The KJB translators looked at many different sources, it is true, but they selected or identified that there was one true reading and one true translation at every place. If you point to the margins, they are evidence in favour of having one true reading and one true translation. The marginal matter is not "alternative", but "variant". It is other information which may either be false, erroneous, half true, inaccurate, semi-factual, etc., but it is never the exact, inspired truth.

It is completely wrong for people today to be consulting a variety of translations (except in a believing mode) because we must start from the foundation of having ONE REPRESENTATIONAL AUTHORITY. The modernists put anything else there, such as their own opinion, but we must put God's Word there. We put the KJB as the foundation. We recognise that it is the standard which God has supplied. And from that point, we have already accepted that the variety of translations was profitable for rendering the sense as is presented in the King James Bible, and by studying the KJB, we are finding out the sense of the Scripture without having to consult the "originals".

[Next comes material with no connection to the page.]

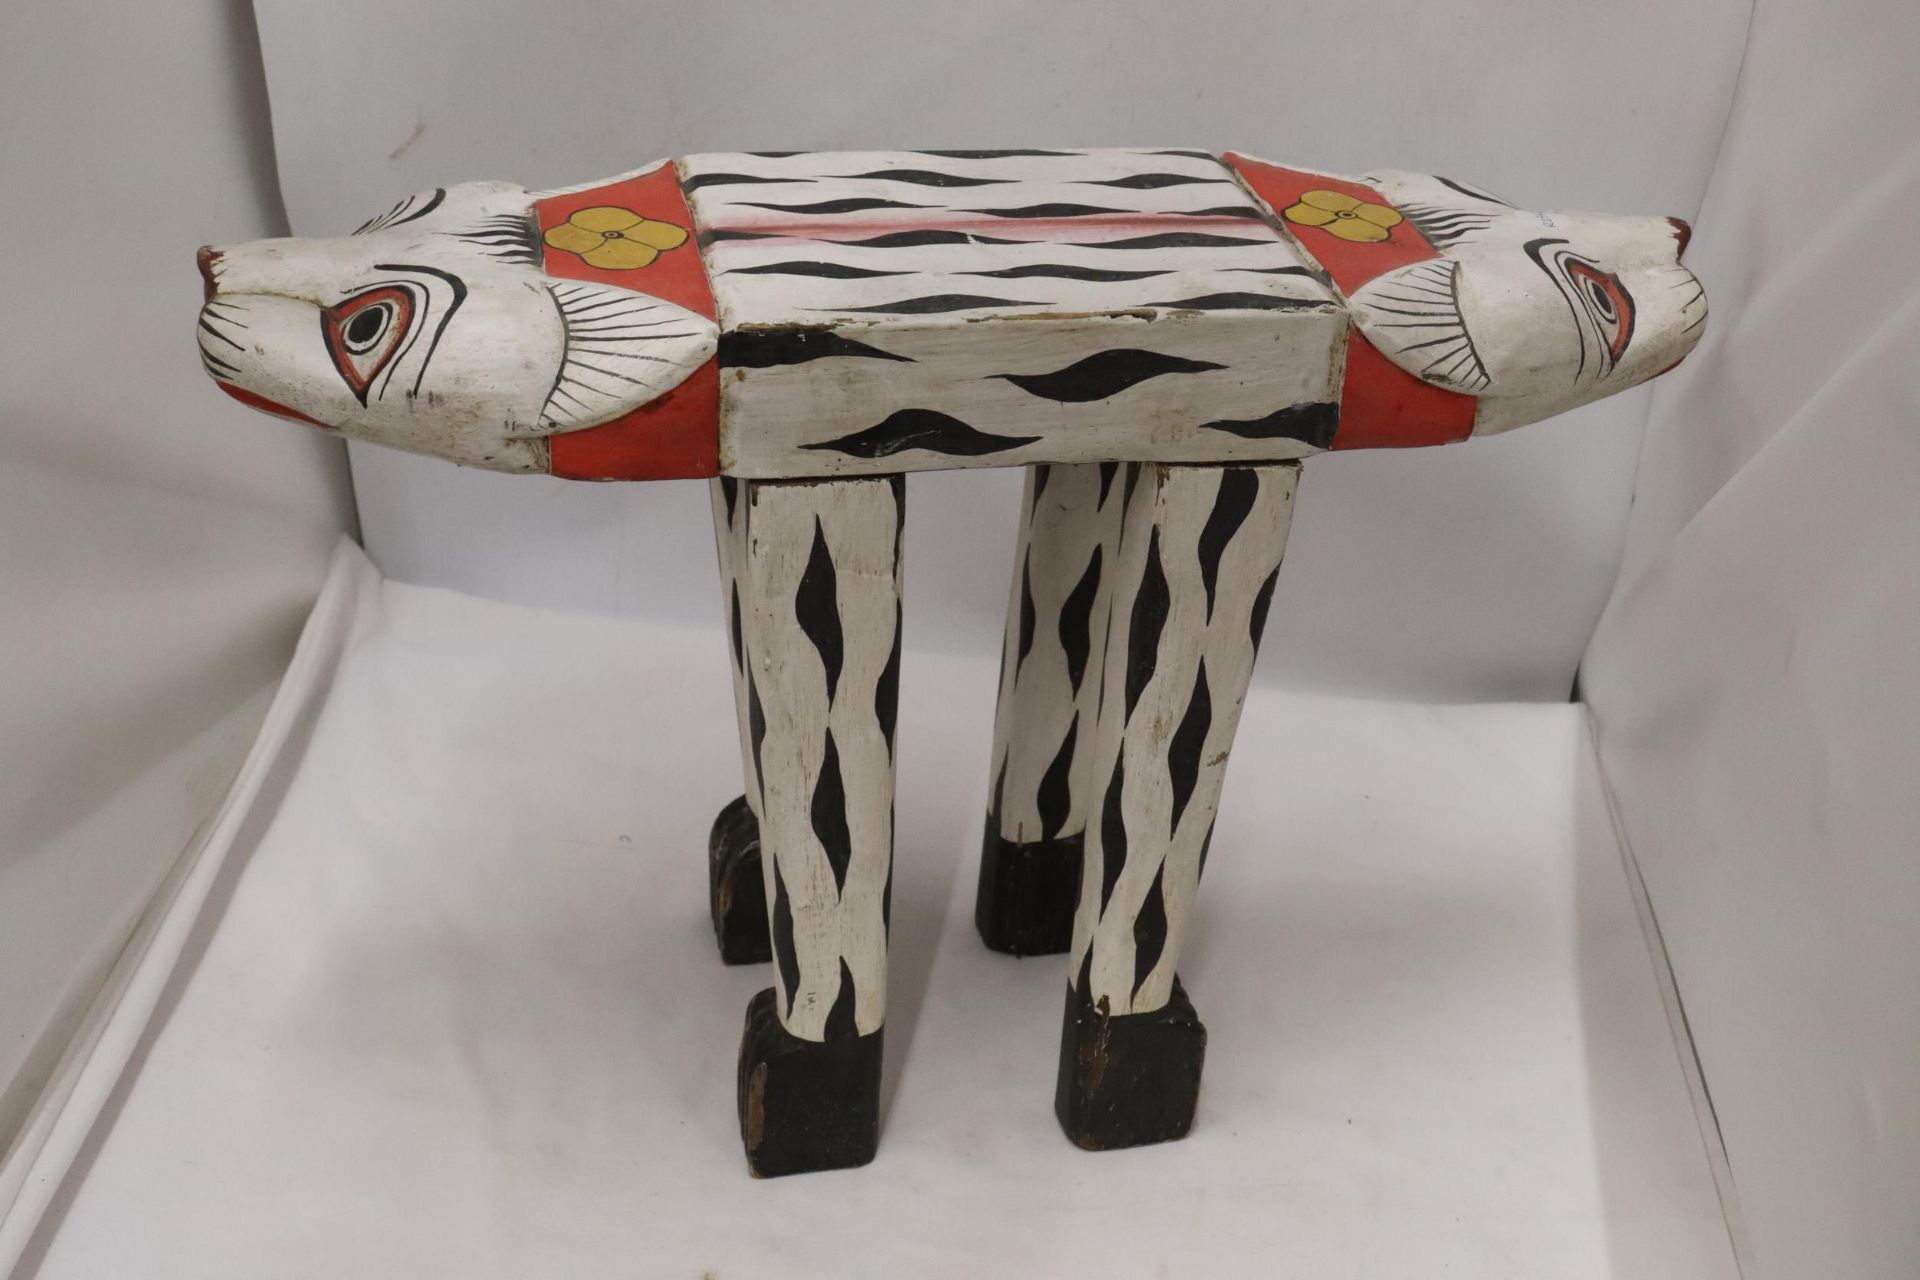 A QUIRKY CHILD'S STOOL IN THE SHAPE OF AN ANIMAL

Thus, if ever a believer was to look at anything other than the KJB, it must be with the view that what he is looking at is imperfect/not aligning exactly to the truth. Therefore, we do not use the Greek to correct the KJB, but rather, should be viewing anyone who is trying to do so with extreme suspicion in that regard. This is because we already have the sense of the Scripture, and anything otherwise now serves only for the confuting, except that if we look at such things as former things, or things to be laid behind, or things scattered, incomplete or otherwise not set up by God as the final authority, though having some residual secondary authority (e.g. the Geneva Version or a Textus Receptus edition).